12 Jul 2012 Working Papers
Food Security, Foreign Direct Investment and Multilevel Governance in Weak States
paper presented by Christian Häberli and Fiona Smith at the SIEL 3rd biennial global conference held in Singapore, 12-14 July 2012.
On the face of it all is clear and simple. In order to feed over 9 billion people by the year 2050 much more research and technological development (R&D) and investment will be necessary. As late as 2008, the World Bank lamented a decade-old neglect of under-investment and a decreasing relative share of technical assistance, including in its own projects, and encouraged greater investment to address food security concerns. Attracting such investment is important in food deficit countries that experience low relative yields for their agricultural production.
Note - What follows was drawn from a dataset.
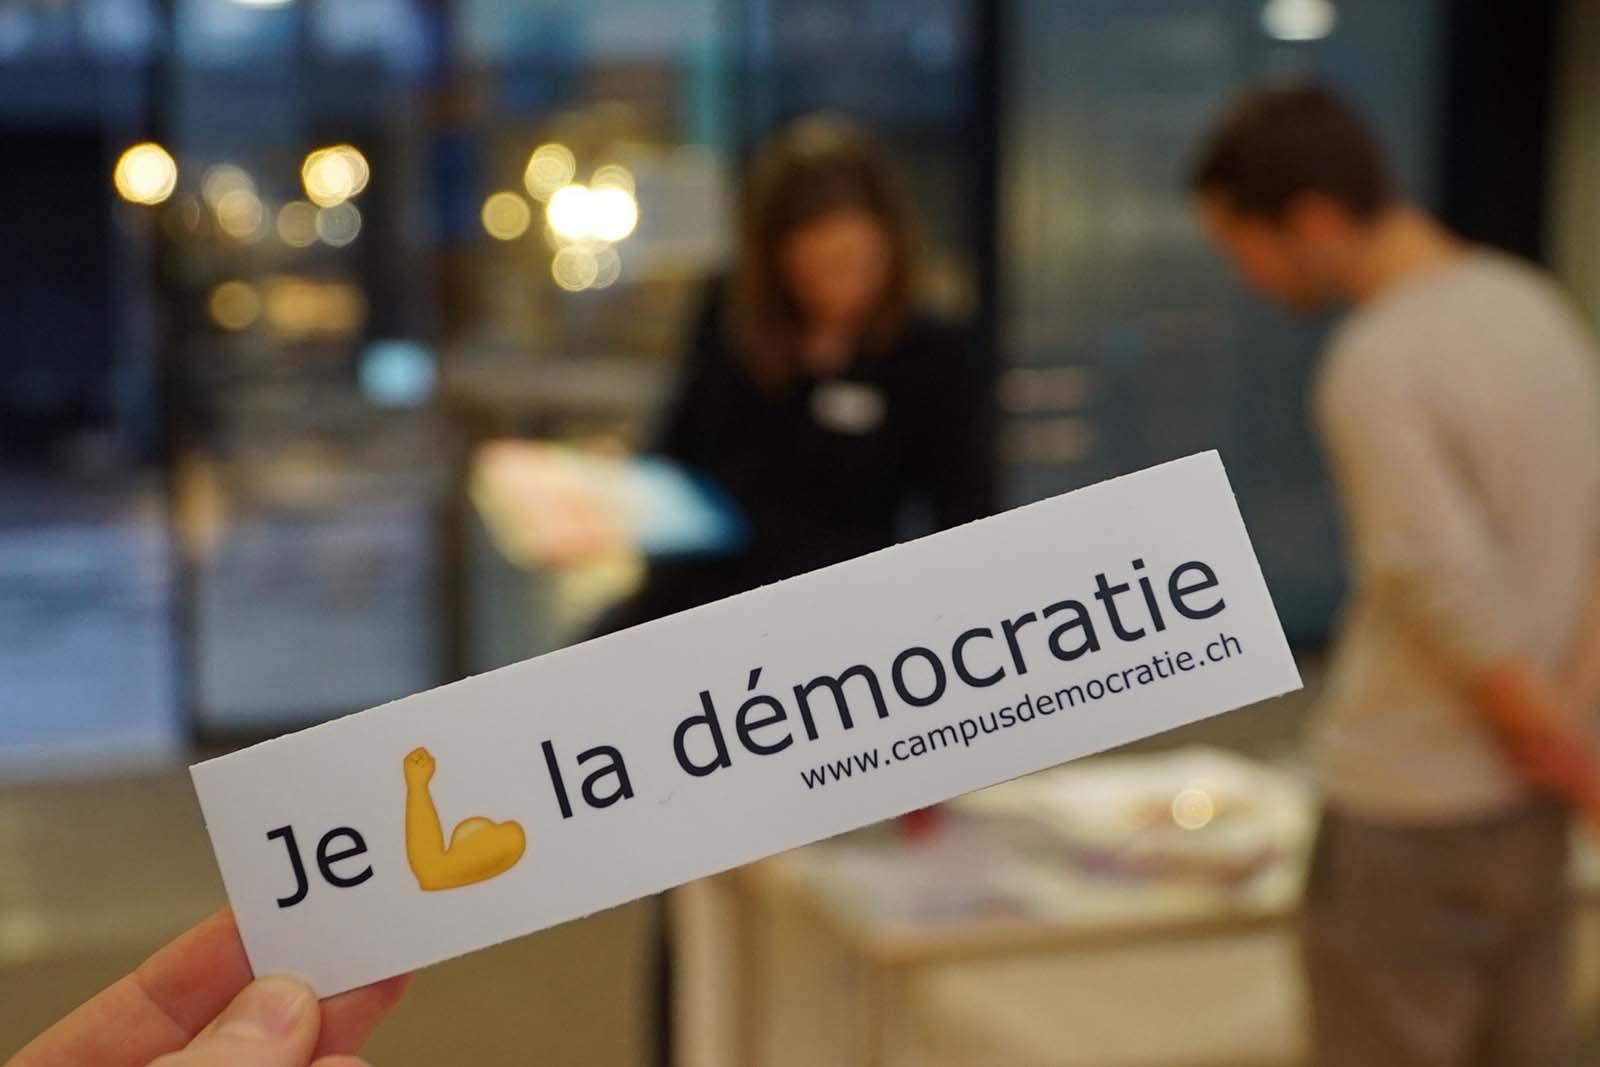 Projekt Campus für Demokratie: Gemeinsame Identität in der Schweiz schaffen

Foreign direct investment (FDI) can play a crucial role because it can mean that the right quantities reach food deficit areas at the right moment. Unsurprisingly, such governments are interested in more investment. A plethora of guarantees and incentives for FDI are offered, often going far beyond what states’ own nationals can expect. However, FDI is not always the answer to food security problems. In reality it can be very much a two-edge sword, especially for weak states. The key is therefore to obtain the maximum positive effects from FDI, whilst simultaneously mitigating the negative effects. The best way to achieve this is by ensuring there is an adequate system of governance in place.
This paper will argue that FDI in agriculture is governed by a series of overlapping international and regional treaty obligations that interact with the terms of the various bilateral investment treaties (BITs) and the national law of the host state (the state in which the investment occurs). This creates a multilevel system of governance for FDI in agriculture that creates obligations and responsibilities for the host state, the investor and the investor’s home state (the state in which the investor is incorporated).